One of Trump’s objectives is to get rid of rules that the oil, coal and gas industries don’t like. He is hell-bent on making the United States the world’s leading producer of fossil fuels. “On energy, I will cancel job-killing restrictions on the production of American energy, including shale energy and clean coal, creating many millions of high-paying jobs,” he has said.

But that misguided aspiration puts American jobs and taxpayer investments at significant risk because the rest of the international community – i.e., the world energy market – is committed to reducing carbon emissions. Doing so requires dramatic reductions in the use of fossil fuels.

It is rarely smart or necessary to indiscriminately trash government policies and programs. When we do, we throw the good out with the bad. Obama took a better approach by ordering federal agencies to improve their process for identifying rules that had become “outmoded, insufficient, ineffective or excessively burdensome”; to avoid duplicative, overlapping or conflicting regulations; and to justify any decision that reduced the ability of small businesses to create jobs. Obama did not set out to kill a random quota of government rules. He wanted to get rid of the bad ones and make the good ones better.

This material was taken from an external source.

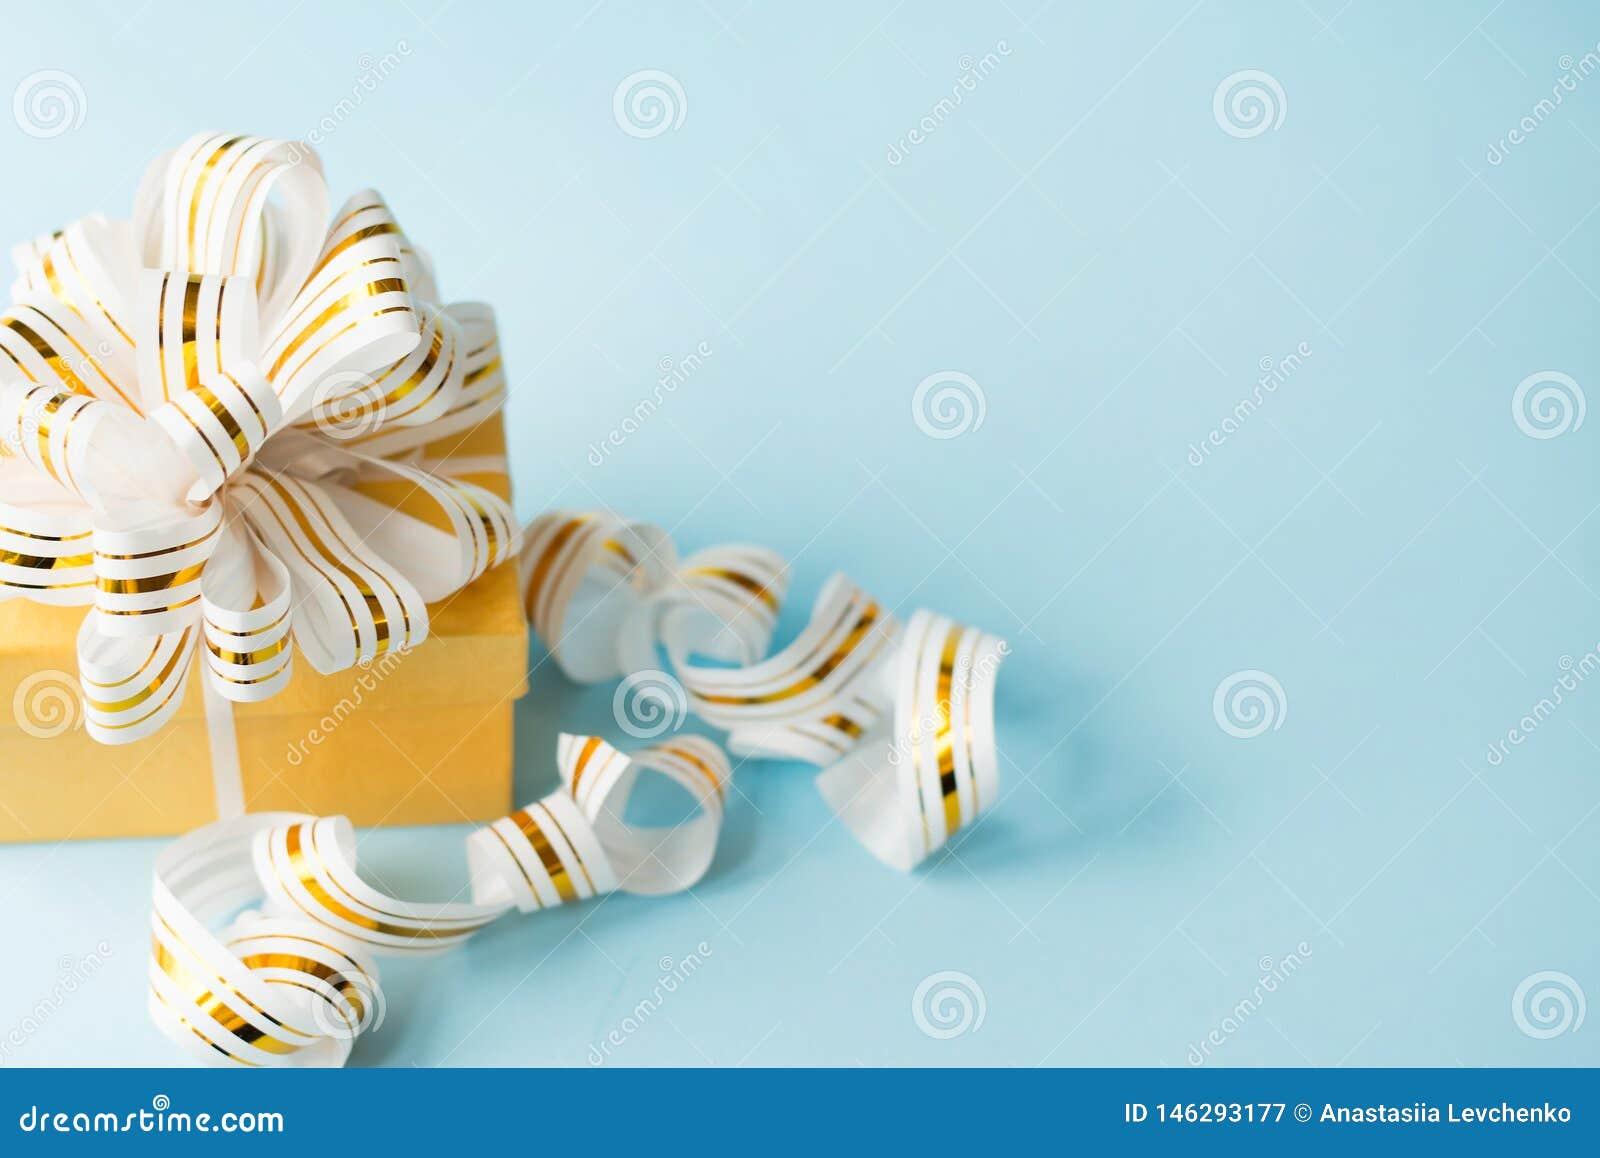 礼物包裹与在蓝色背景的弓与拷贝空间 舱内甲板被放置的贺卡

Good environmental regulations not only benefit the American people, they also benefit the industries they regulate. They create the level playing field that Alice needed. They weed out bad actors to protect an industry’s “social license to operate” – its public support. Business owners I have talked to are much more concerned about regulatory certainty than regulation. As one successful entrepreneur told me, “We are smart enough to adjust to any reasonable regulation. What’s most important is that the government stop changing the rules.”

It makes sense to limit government regulations to those that are genuinely necessary, to eliminate burdensome red tape, and to avoid government overreach. But cleaning up the government rule book should based on political favors, rigid ideology, or a vague desire to “eliminate the administrative state”. To regulate or not to regulate should be determined by what’s best for the American people, and that should be determined by counting each rule’s full benefits and costs to society.

When we hear Trump and Pruitt utter the sweeping canard that government rules are “job killers”, we know they haven’t thought it through. When it comes to regulations designed to protect the environment and public health, there is a difference between red tape and green tape. Every president should know the difference.